Over the years, Cooper Stadium was home to the Columbus Red Birds, a farm team for the St. Louis Cardinals; the Negro league Columbus Blue Birds; the Columbus Jets; and, after the renovation was completed, the Columbus Clippers. From 1939 through 1941, Cooper Stadium (then named Red Bird Stadium) was also home to the Columbus Bullies, two-time champions of the third American Football League.

Cooper Stadium hosted the 1989 Triple-A All-Star Game. The team of National League-affiliated All-Stars defeated the team of American League-affiliated All-Stars, 8–3.

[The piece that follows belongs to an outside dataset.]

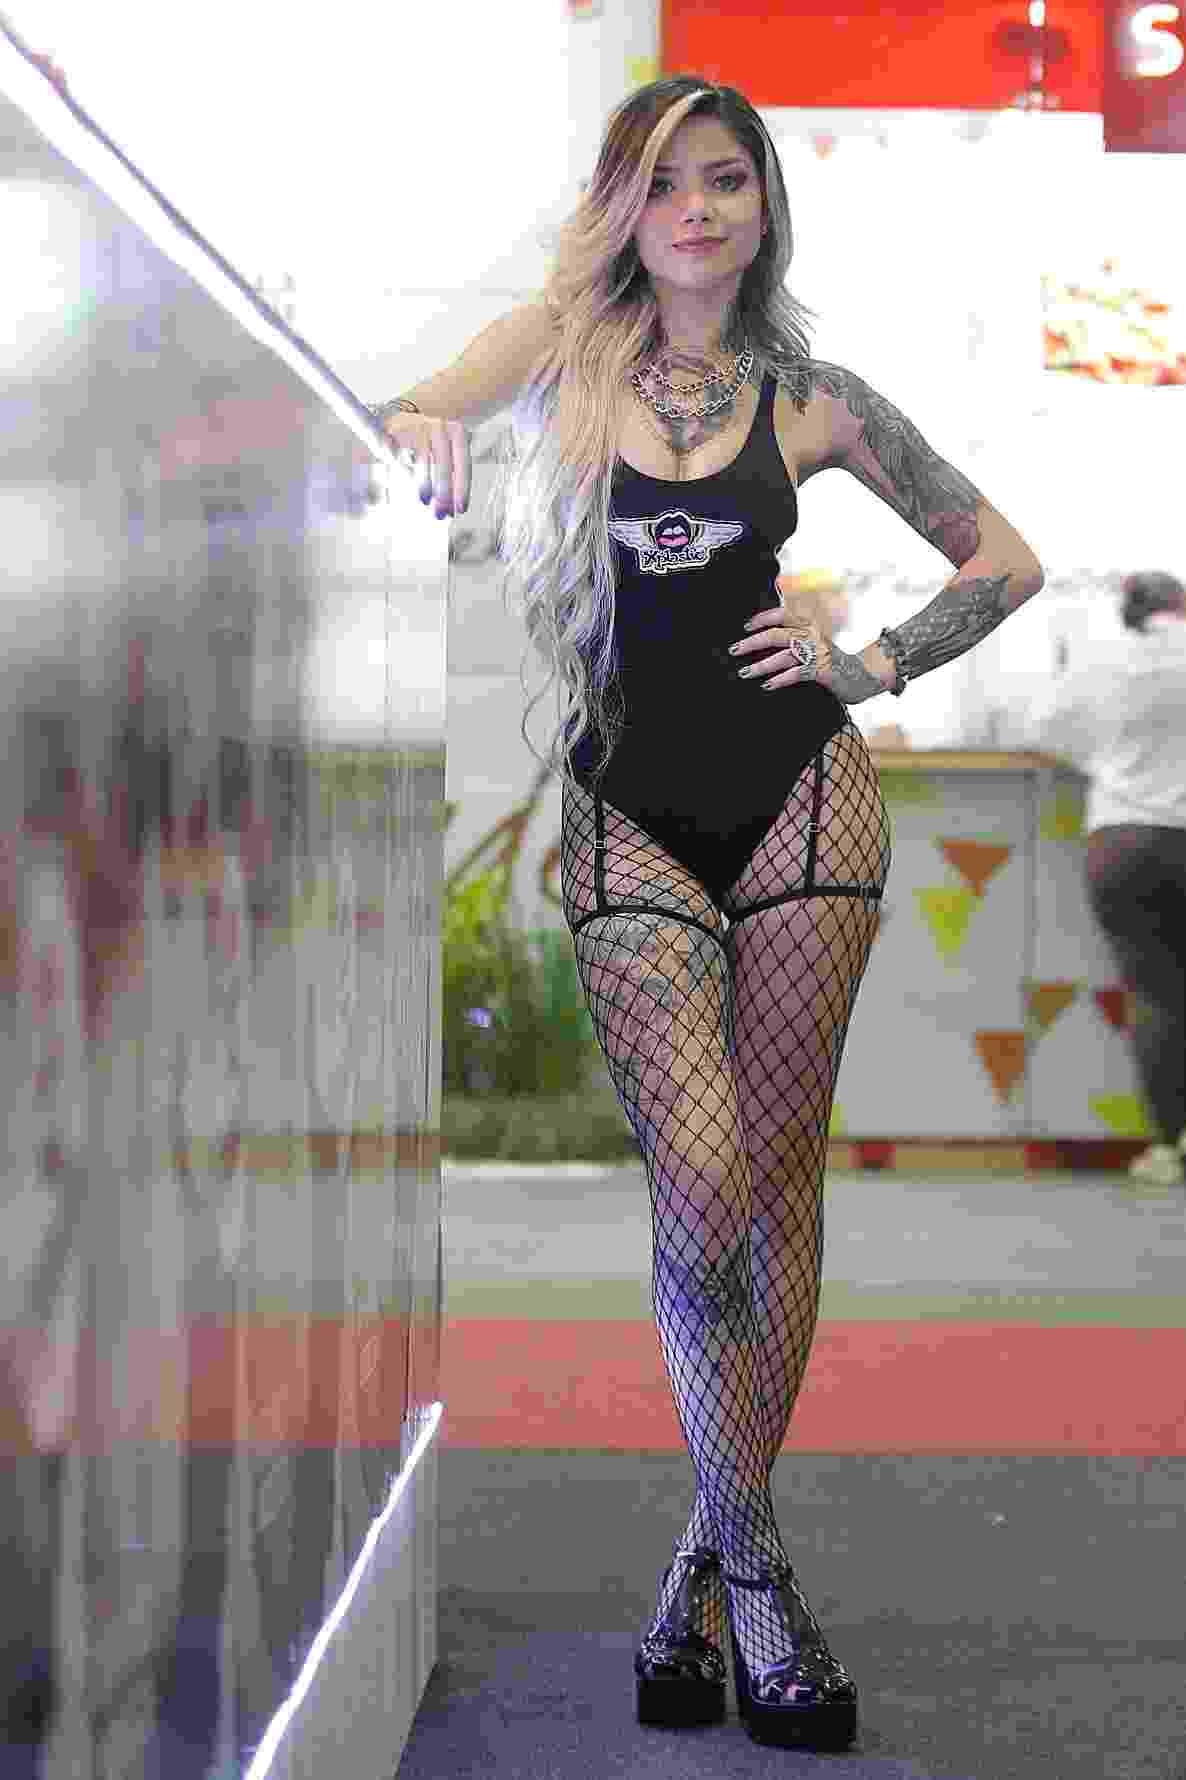 """""""Sexo anal é dolorido, mas pode ser bom. O homem precisa saber fazer e ter paciência. E é possível a mulher ter prazer com esse tipo de penetração, principalmente se ela for feita depois de muitos outros estímulos"""", Raíssa Mattos, 19, modelo. A Erótika Fair acontece entre os dias 6 e 8 de março de 2015, no Imigrantes Exhibition & Convention Center, em São Paulo - Reinaldo Canato/UOL"""

The stadium has also hosted a number of other events, such as roller derbies, music concerts (including Aerosmith, Rush, Bob Dylan & Garth Brooks), professional wrestling (including Bobo Brazil, the Sheik, & Ali Baba) and hosted evangelist Billy Graham.

Cooper Stadium also hosted the OHSAA Ohio high-school boys baseball State Tournament.

=== Final baseball game ===
The Clippers moved from Cooper Stadium after the 2008 season to a new ballpark, Huntington Park, which is located in the Arena District in downtown Columbus. On September 1, 2008, the final game was played as the Toledo Mud Hens defeated the Columbus Clippers in front of 16,770 fans, the third largest crowd in stadium history.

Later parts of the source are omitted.